Robert: Yes. That helps, so much.

Lila: Anything else?

Robert: I like the old custom of godparents. Neither of my parents were good carriers or teachers for me, and at age 15, I had the instinctive sense to go out and get myself a pair of godparents. They didn’t know each other. Those two people saved my life. I had a woman friend my mother’s age, and we never spoke in such terms, but she was my godmother. She saw me through from age 15 to 22. She died then, and it was the hardest death I had to face in my life. My godfather lived until fairly recently.

Lila: It seems particularly important in adolescence. In Island, Aldous Huxley presents the concept of teenagers being able to go to another home as a release valve for pressures in the family.

Robert: The Christian ideal was that the parents raised the child physically, but that the godparents were his or her spiritual teachers, and instinctively youngsters will go out and get somebody to teach them. I’ve been a godparent for dozens of youngsters going through adolescence. It seems to be my role in life. I have no children of my own, but I’ve godfathered many, many.

Lila: Are there other issues related to gender that you see as critical in our present time?

Robert: There’s a big trend going on that is so puzzling, but profound in its implications, and that is the softening of men and the hardening of women. Men are getting soft and gentle and standing back, and women are getting sharper and having careers and taking a bigger place and coming out more. So there’s a new kind of marriage to be seen in which the woman is dominant and makes the decisions. Her quick masculine wit and humor and idea and plan is out there before the man can even speak. It’s almost a standard American marriage now. I saw a scene in a bus station once. It was a little family knot; Grandmother was going home. The youngster burst into tears at losing Grandmother and went to her mother, who gave her a cuff on the cheek and said "Now brace up." She went to her father, and he comforted her. There was sternness from the woman and softness from the man, both of which are needed, but one would guess it would come the other way.

Lila: Where do you think this reversal comes from?

Robert: I think the patriarchal world has reigned supreme for so long that the pendulum’s swinging too far the other way. It needed to be rectified, but to swing the pendulum too far the other way is almost as bad.

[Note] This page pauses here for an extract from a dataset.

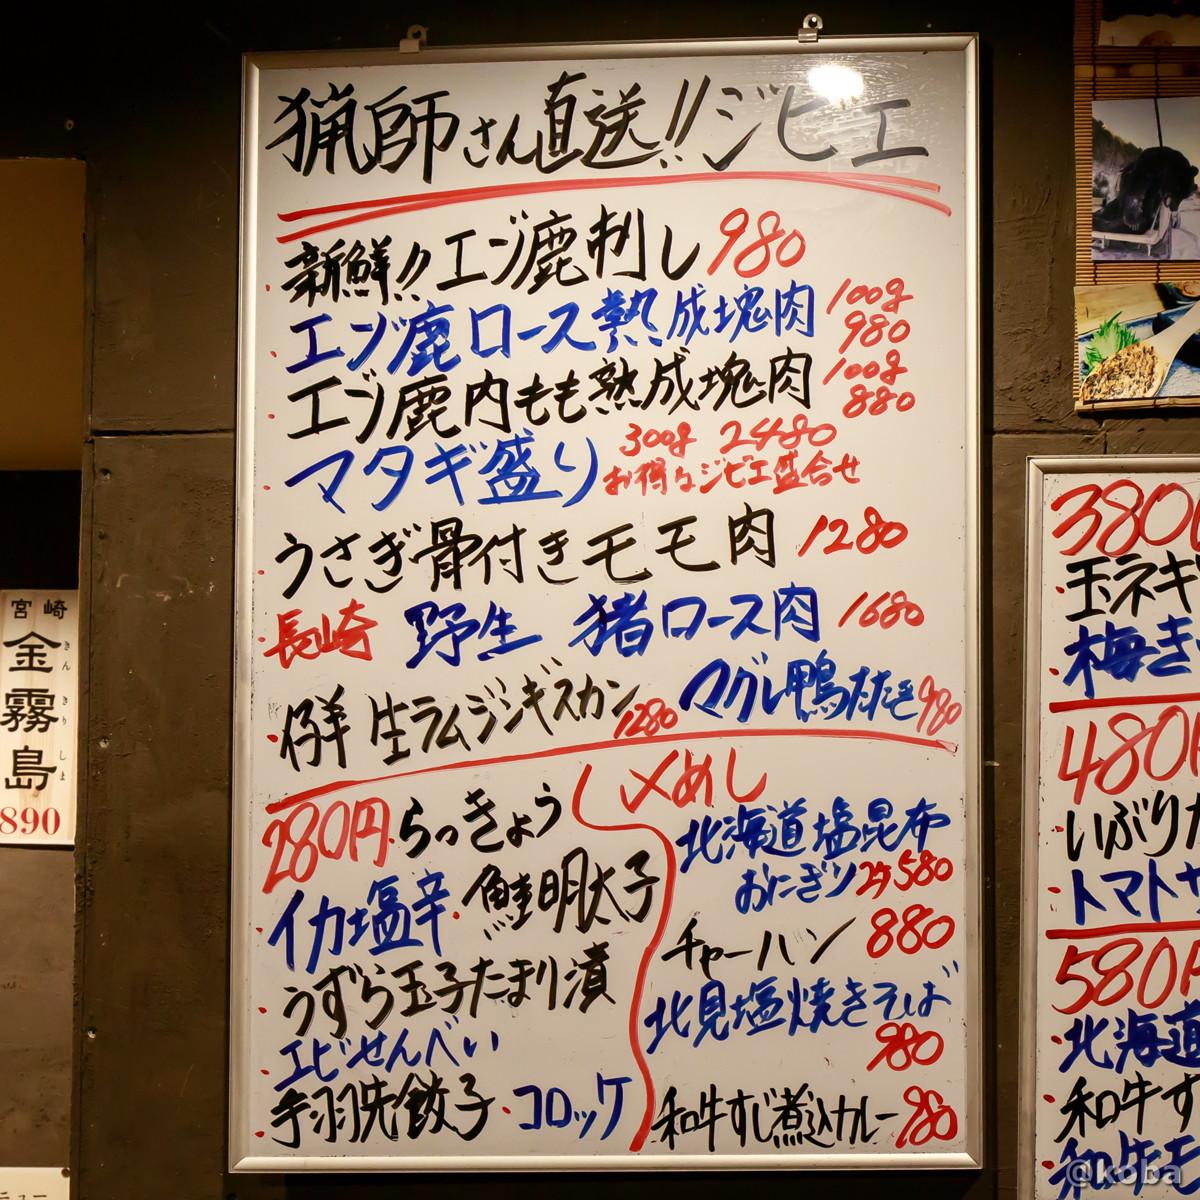 マタギ東京 錦糸町メニュー 猟師さん直送ジビエ

Lila: Can we prevent that?

Robert: Some consciousness would help. A husband and wife can sit down together and say "Whose province is what? Where does a masculine consciousness serve best and where does a feminine one serve best?" I often have to tell a woman "Look, don’t make all the decisions for the family with that lightning quick mind of yours. Leave some of it for the man. He may be a week late, but he’ll get there, if you’ll just keep quiet for a while."

Lila: Do you think that that quick consciousness has always been natural to women? When men took the lead more, were women slower to reach such decisions?

Robert: Woman has always had that capacity, but it was never allowed. And now it’s a little too much. History has always been a series of pendulum swings, but the individual doesn’t have to get caught in that.

Lila: Do you think we’re destined as a society to go all the way into a very long pendulum swing the other way, or is it possible to modulate it sooner?

Robert: History seems to be so clumsy. Again, I place my hope in individuals, not in the great collective swings. I think we’re headed rapidly into a matriarchy right now. It’s already here to be observed. The energy seems to be in women now. They’re quick and sharp and have decisive ideas. Men are rather soft and dreamy and moody. I jokingly say, "If we keep on going, we’ll reach the efficiency of the beehive, where we need a few men for fertilization, and otherwise they’re not required." I had a patient once who dreamed she kept her husband in the deep freeze except for mating. Lots of men feel that way.

Nothing will see us through the age we’re entering but high consciousness, and that comes hard. We don’t have a good, modern myth yet, and we need one.